По тону и содержанию ответов на его письма, особенно на те, которые приходили от его друзей со студенческой скамьи, можно было с полной уверенностью судить, что он, мой муж, напрасно предается иллюзиям, хотя никогда и вида не подавал, что сильно этим расстроен. Вот уже три месяца он не написал ни одного письма.
Он никогда не признавался мне, что оставил всякую надежду, но я слишком хорошо его изучила, и поэтому никогда не требовала от него никаких откровенных заявлений. Я шпионю за ним. Читаю его письма. Исподтишка наблюдаю за сменой его выражения на лице, если рядом с ним.
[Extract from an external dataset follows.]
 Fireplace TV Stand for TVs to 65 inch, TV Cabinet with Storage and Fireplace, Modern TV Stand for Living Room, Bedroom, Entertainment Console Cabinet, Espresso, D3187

Когда перед ним на столе появляется какое-то новое, незнакомое ему блюдо, я не спускаю с него глаз, ищу, пусть даже едва заметные, признаки одобрения. Когда у нас еще были друзья, я могла с точностью почти до секунды определить, что их дружба начинает угнетать его, надоедать ему, и решительным образом принимала все меры, чтобы такая дружба завершилась как можно скорее и самым безболезненным образом. Такие взаимоотношения между женой и мужем я, как писатель, несмотря на современную моду, не имею никакого намерения обсуждать, но, должна признаться, я стала знатоком всех его желаний. Стоит ему прочитать какую-то книгу, я немедленно прочитываю ее после него. Я составила настоящее "досье" всего того, что ему нравится, а что не нравится, его привычных настроений, всего того, что дает ему внутреннее удовлетворение и приносит удовольствие. Я не делаю всего этого из-за ревности или болезненной, женской любви к личной собственности. Я все это делаю тогда, когда могу развлечь его, чем-то заинтересовать, и делаю исключительно для него, не для себя, и только из чувства благодарности к нему.
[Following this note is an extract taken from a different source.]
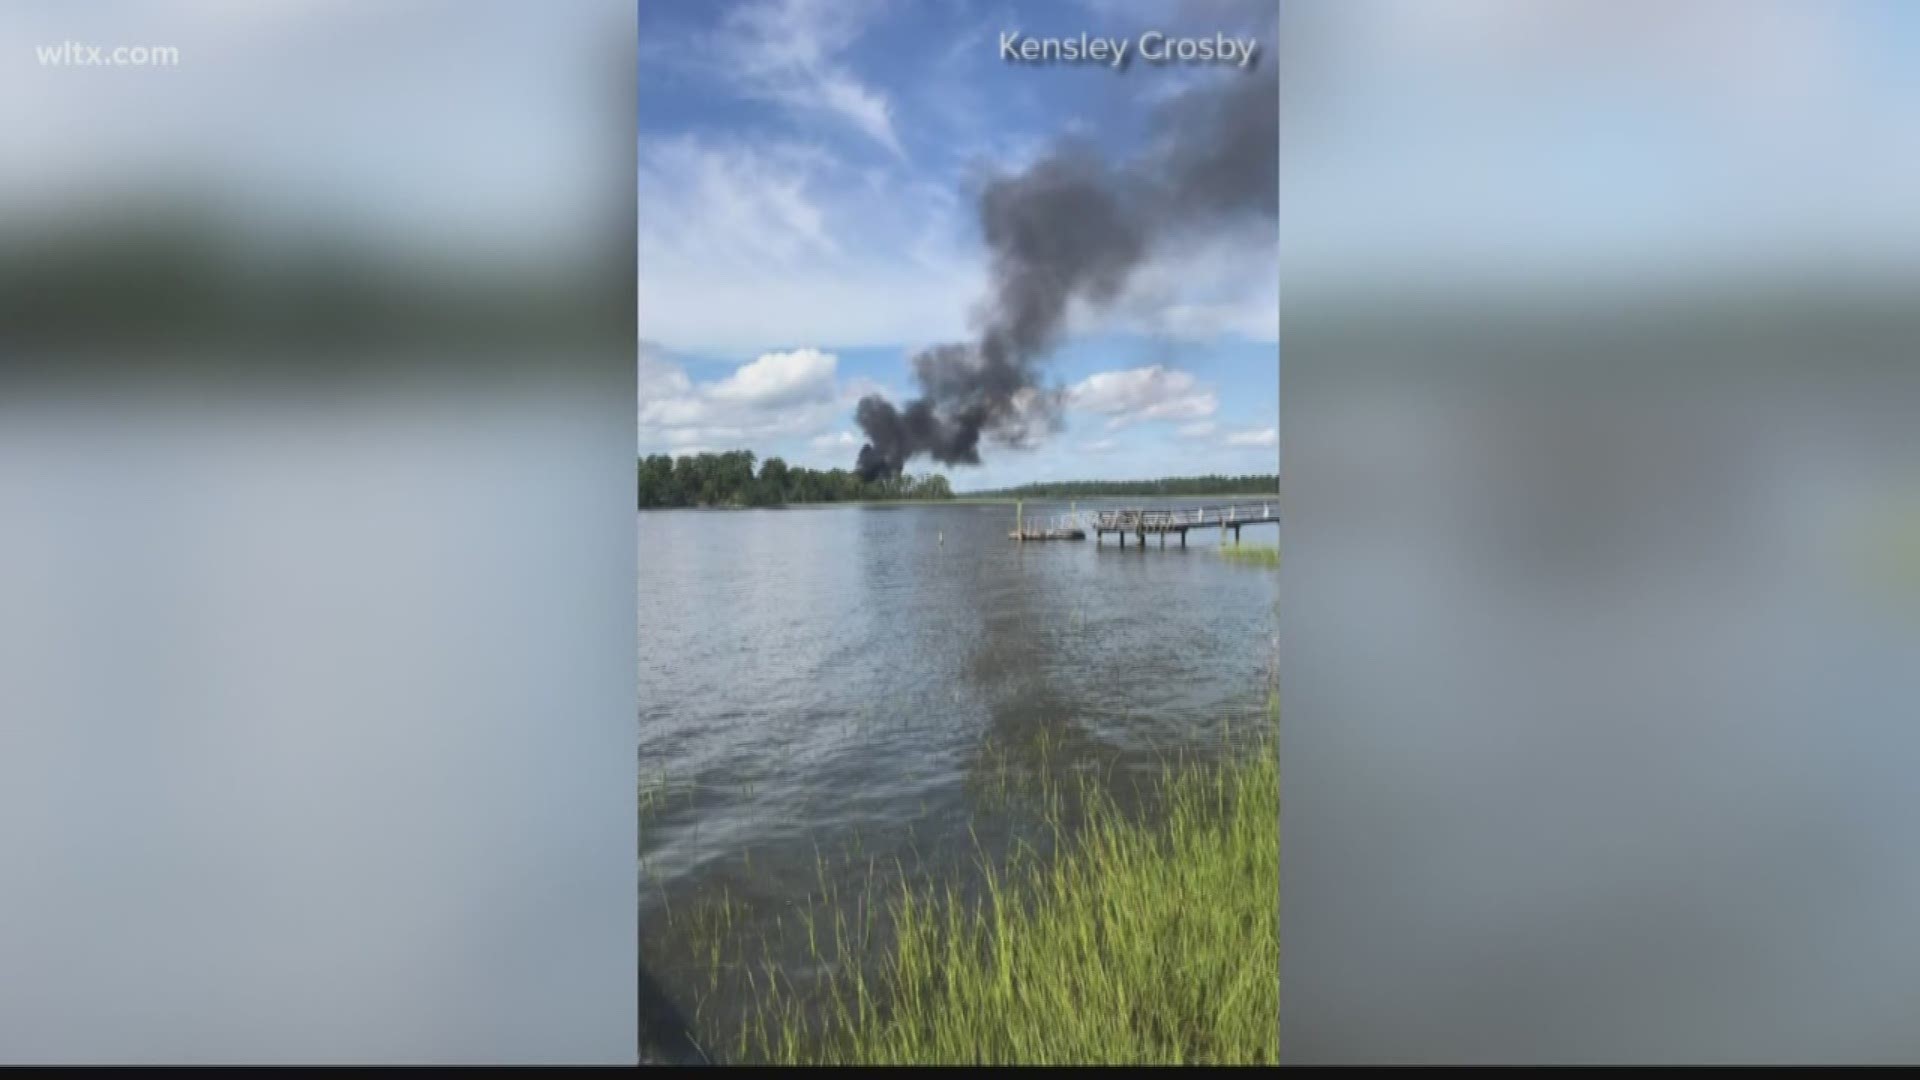 The Beaufort County Sheriff's office says the pilot is being evaluated for injuries.

Мой муж -- человек необычный, экстраординарный, хотя в его внешности ничего такого особенного нет, сколь старательно вы бы ее ни изучали. Он носит скромную, не бросающуюся в глаза одежду людей своего круга, у него короткая стрижка, и он зачесывает волосы назад, хотя его продолговатое, костистое лицо и большой, мясистый нос из-за такой короткой стрижки иногда принимают неприятные, искаженные пропорции. Однажды, когда мы проводили отпуск на одном острове в Карибском море, он отрастил волосы и даже густые черные усы. Вдруг, неожиданно его лицо вернуло себе нормальные пропорции и теперь четко отражало свойства его характера. С его загаром, который он приобрел на пляже и на маленьком паруснике, который мы брали в аренду, он был похож на одного из группы молодых людей на фотографии -- решительных и смелых, которые уезжают в далекую экспедицию, чтобы взобраться на вершину Гималаев. Но когда пришло время возвращаться на свой дипломатический пост, он сбрил усы, снова сделал себе короткую стрижку, так что его лицо вновь утратило свое замечательное, необычное выражение, и гармония в его пропорциях безвозвратно исчезла.
Его манеры, как и внешность, были призваны скорее что-то скрывать, чем выставлять на всеобщее обозрение. Он -- типичный сноб, который всегда безупречно вежлив со своими подчиненными и не проявляет никакого, даже осторожно-поверхностного интереса к присутствию рядом людей, которых обожает. Он подвержен яростным, внезапным вспышкам гнева, которые пытается сдерживать с помощью все более слабеющей силы воли, заставляя себя в момент наивысшего напряжения говорить медленно, низким, дрожащим голосом. Он абсолютно уверен в своем здравом рассудке и выражает полное презрение к способностям большинства людей, с которыми ему приходилось работать, хотя он мог часами слушать их болтовню, делая вид, что его на самом деле заинтересовали их предложения. Этот человек, терзаемый беспредельными амбициями, неизменно отказывался от сотни хитроумных уловок, которые помогали его куда менее одаренным коллегам быстрее добиваться продвижения по службе.